[erlang-questions] moving process state - copy on write - heap memory increase

46 views
Skip to first unread message

Roland

unread,
Sep 11, 2012, 5:45:18 PM9/11/12
to erlang-q...@erlang.org
Hello!

I want to move the state of my process to another process. Unfortunately
this is not possible without a huge increase in memory consumption as by
copying the state the "copy on write semantics" are lost.

This behaviour is demonstrated in my attached simplified t_process module.

-> {ok, Pid} = t_process:start_link().
-> t_process:bloat(Pid). --> memory consumption of the process is at
6657256 after "bloat" is finished
-> t_process:reload_bag(P1). --> memory consumption is at 26295176 (4
times as much)

No data has not been modified in any way, the data stays the same.

My question is: Despite what i want to do with this state transfer, is
there any way to copy the state of a process without losing the "copy on
write semantics", so that the target process has the same memory
footprint as the original one?

Can someone point me to any direction/documentation on how i can get
arround this issue?

Thank you!

-module(t_process).

-behaviour(gen_server).

-export([start_link/0, init/1, handle_call/3, handle_cast/2,
handle_info/2, terminate/2, code_change/3, bloat/1, reload_bag/1]).

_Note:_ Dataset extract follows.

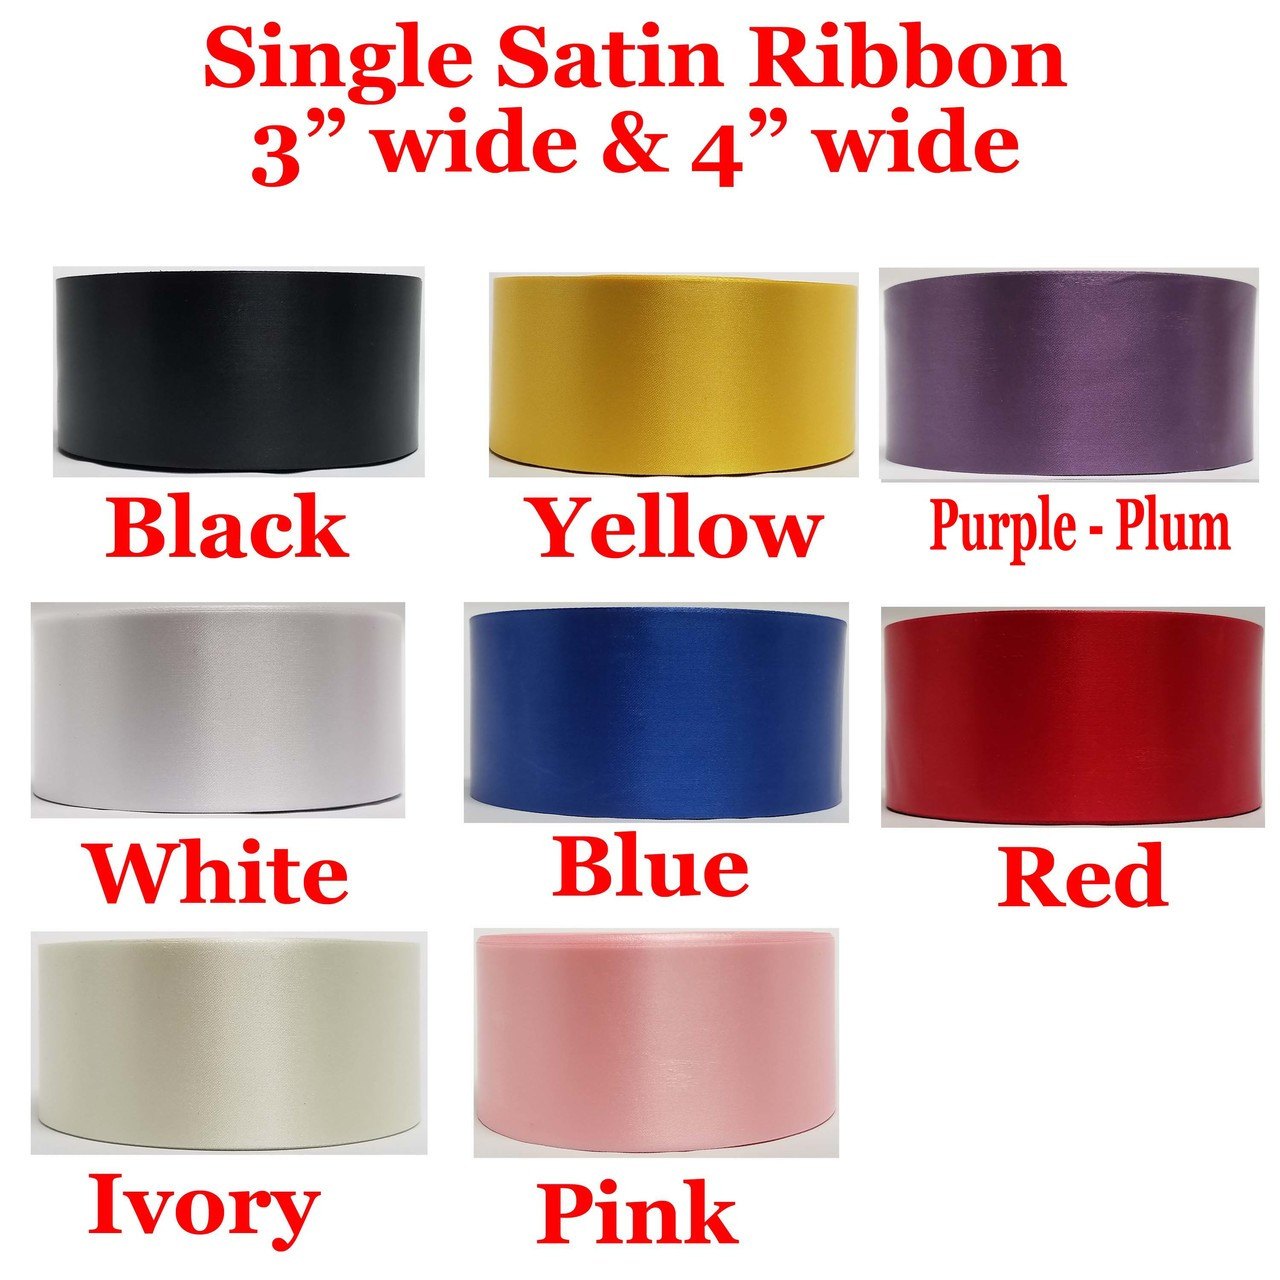 https://cdn11.bigcommerce.com/s-fm2dfa/images/stencil/1280x1280/products/1836/37178/single_ribbon_colors_copy__62049.1507387379.jpg?c=2?imbypass=on

-record(process, {bag = []}).

start_link() ->
gen_server:start_link(?MODULE, [], []).

bloat(Pid) ->
gen_server:cast(Pid, bloat).

reload_bag(Pid) ->
gen_server:call(Pid, reload_bag).

init([]) ->
{ok, #process{}}.

handle_call(reload_bag, _From, State) ->
BinaryBag = erlang:term_to_binary(State#process.bag), % simulate
state transfer / loss of semantics
io:format("Bag size is ~w.", [erlang:size(BinaryBag)]),
{reply, ok, State#process{bag = erlang:binary_to_term(BinaryBag)}};

handle_call(_Call, _From, State) ->
{reply, ok, State}.

handle_cast(bloat, State) ->
NewBag = lists:concat([State#process.bag, lists:foldl(fun(_C, List)
-> List ++ [{"ABCDEFGHIJKLMNOPQRSTUVWXYZ"}] end, [], lists:seq(1, 50000))]),
io:format("Bloating finished."),
{noreply, State#process{bag = NewBag}};

handle_cast(_Cast, State) ->
{noreply, State}.

handle_info(_Info, State) ->
{noreply, State}.

terminate(_Reason, _State) ->
ok.

code_change(_OldVsn, State, _Extra) ->
{ok, State}.

_______________________________________________
erlang-questions mailing list
erlang-q...@erlang.org
http://erlang.org/mailman/listinfo/erlang-questions

Björn-Egil Dahlberg

unread,
Sep 11, 2012, 9:10:39 PM9/11/12
to Roland, erlang-q...@erlang.org
Hi,

Sharing within a compounded data term is not preserved on send nor in
term to binary.

One way to reinstate sharing is to walk through the compounded term
and look for sharing (Wind3d uses this trick).

Ex.
Ls = <list of items>,
{Sh,_} = lists:mapfold(fun(I, T) ->
case gb_trees:lookup(I,T) of
none -> {I, gb_trees:enter(I,I,T)};
{value, V} -> {V, T}
end
end, gb_trees:empty(), Ls),
Sh.

(disclaimer: I am writing code when sleepy and I always forget the
mapfold syntax. But you get the idea.)

This approach requires some knowledge about the structure of the data
to be reshared. It will also temporary increase the total memory while
performing the resharing.

I'm sure there are other, perhaps much better, approaches as well to
this problem.

There exists several proposals on preserved sharing on send, but none
are currently implemented in the vm.

// Björn-Egil

Skickat från min iPad

Yiannis Tsiouris

unread,
Sep 12, 2012, 3:11:48 AM9/12/12
to erlang-q...@erlang.org
Hi,

Actually that's funny because there is some work [1] by Nikos Papaspyrou and Kostis Sagonas that will be presented on Friday the 14th on the Erlang Workshop in Copenhagen! It's an (experimental) implementation of a copy that preserves sharing...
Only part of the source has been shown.